I agree with you that it is "spooky." When I remember Nabokov's reply "I know more than I can express in words, and the little I can express would not have been expressed, had I not known more" (Strong Opinions 45) when asked if he believes in God, I feel a little chill (salutary? I don't know) as he hopes and I presume that his problem is that he cannot explain something beyond explanation but not that he does not know or imagine it--like Mr. R, who has found something unknown to man but gives up writing it in a great book. Or Nabokov could explain it, but would not.
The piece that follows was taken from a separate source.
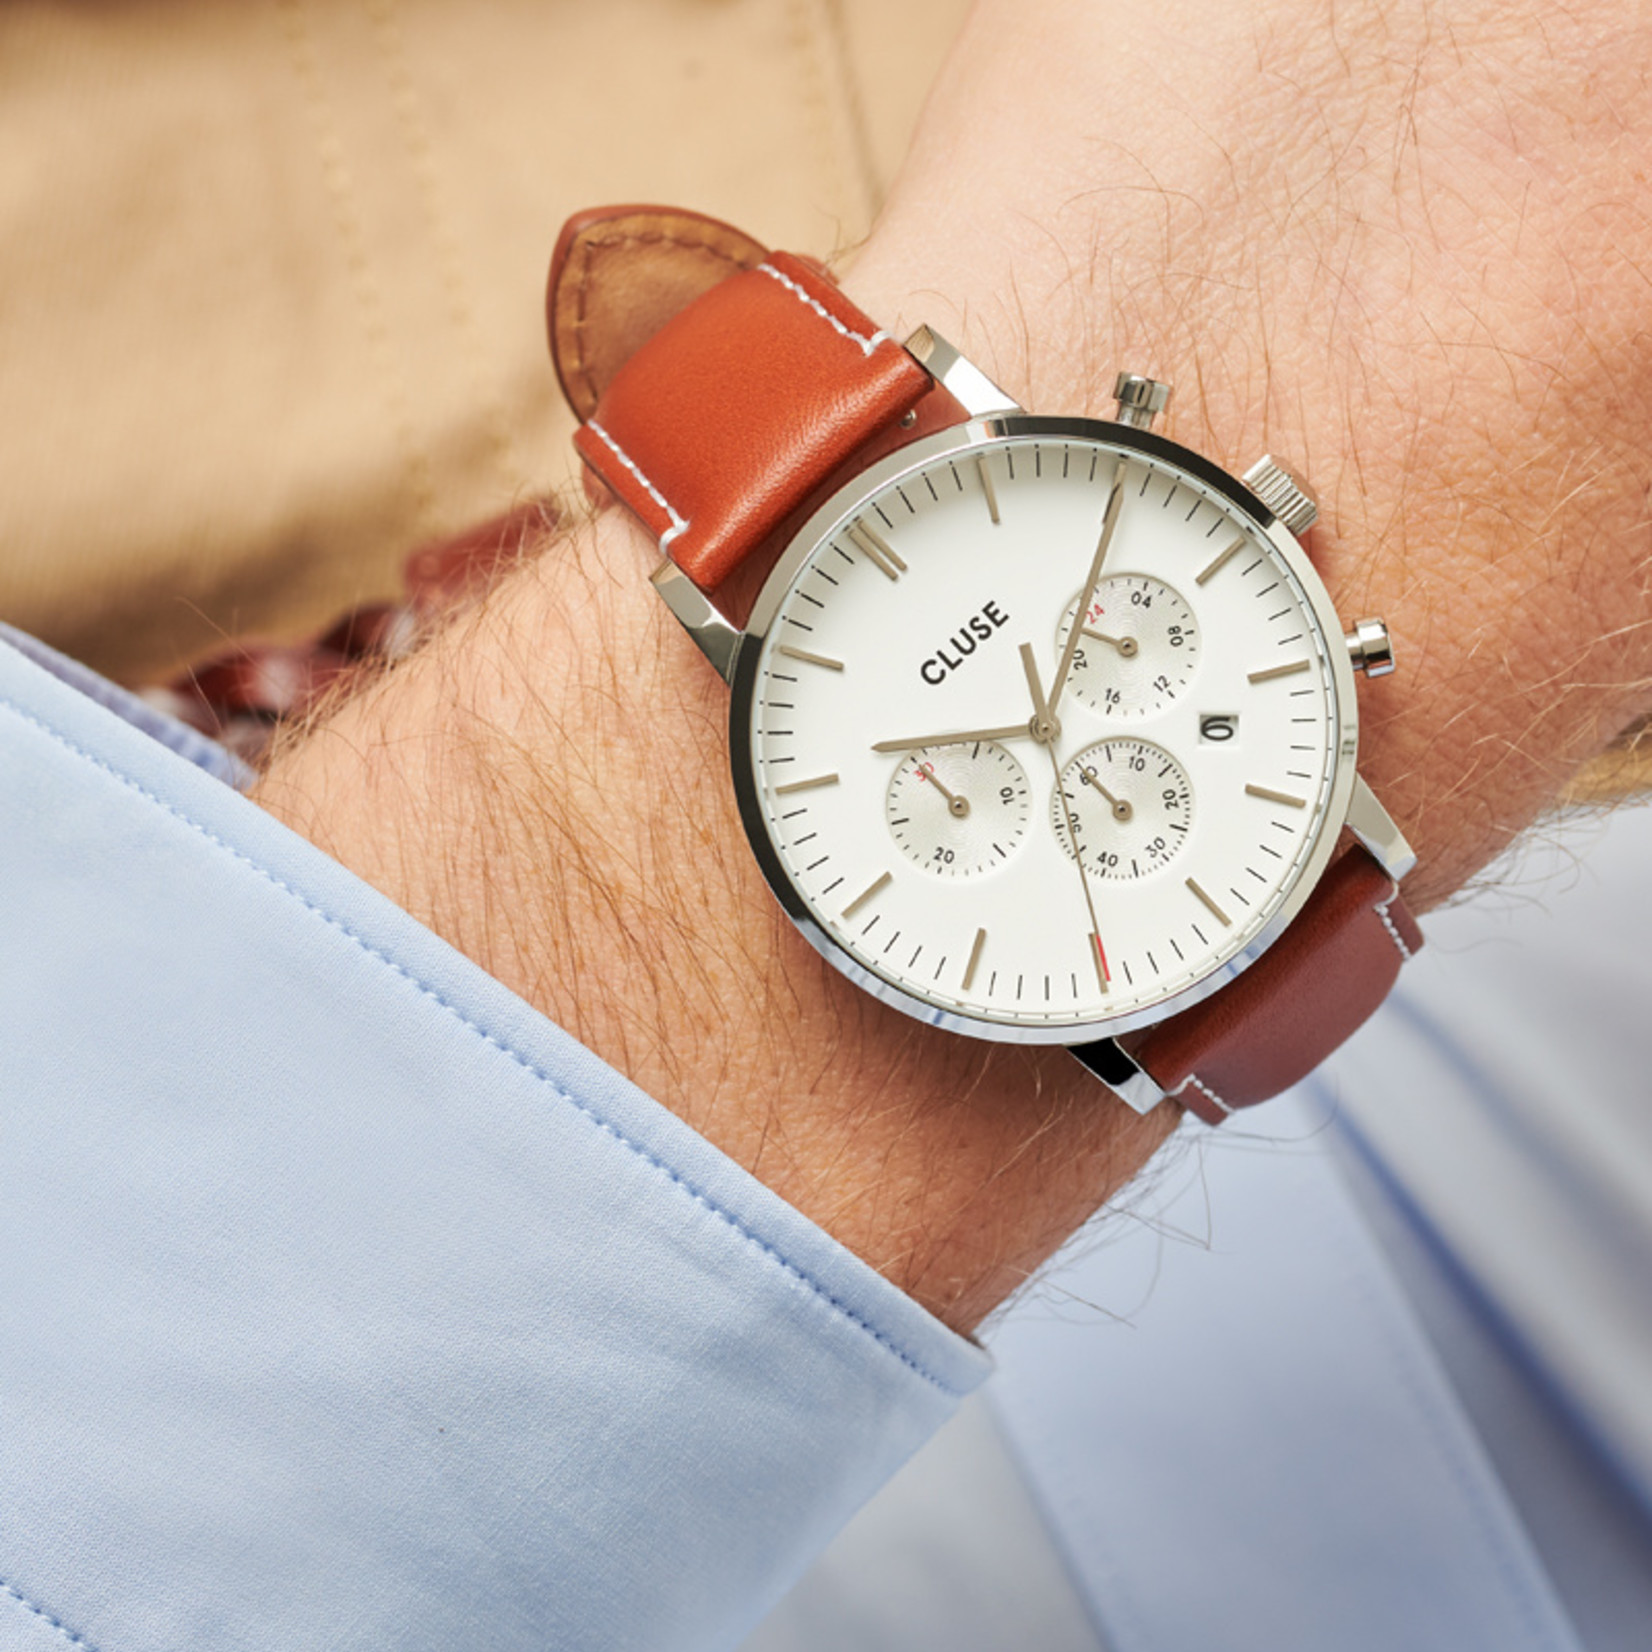 Cluse Cluse Uhr Aravis hellbraun-weiß I Chronograph I Leder

In her well-known introduction to Stiki in which she points out Nabokov's otherworldliness, Vera writes, "He came closest to expressing it [the theme of otherworldliness], however, in the poem 'Slava' ('Fame') where he defined it quite frankly as a secret that he carries within his soul and that must not and cannot be revealed." And she cites from the poem, "That main secret tra-ta-ta tra-ta-ta tra-ta-/ and I must be overexplicit..." (In Poems and problems, the line is "I must not too explicit" ). I am tempted to connect these tra-ta-ta's with Transparent Things, Tralatitions and Tractatus. But, I might be going too far...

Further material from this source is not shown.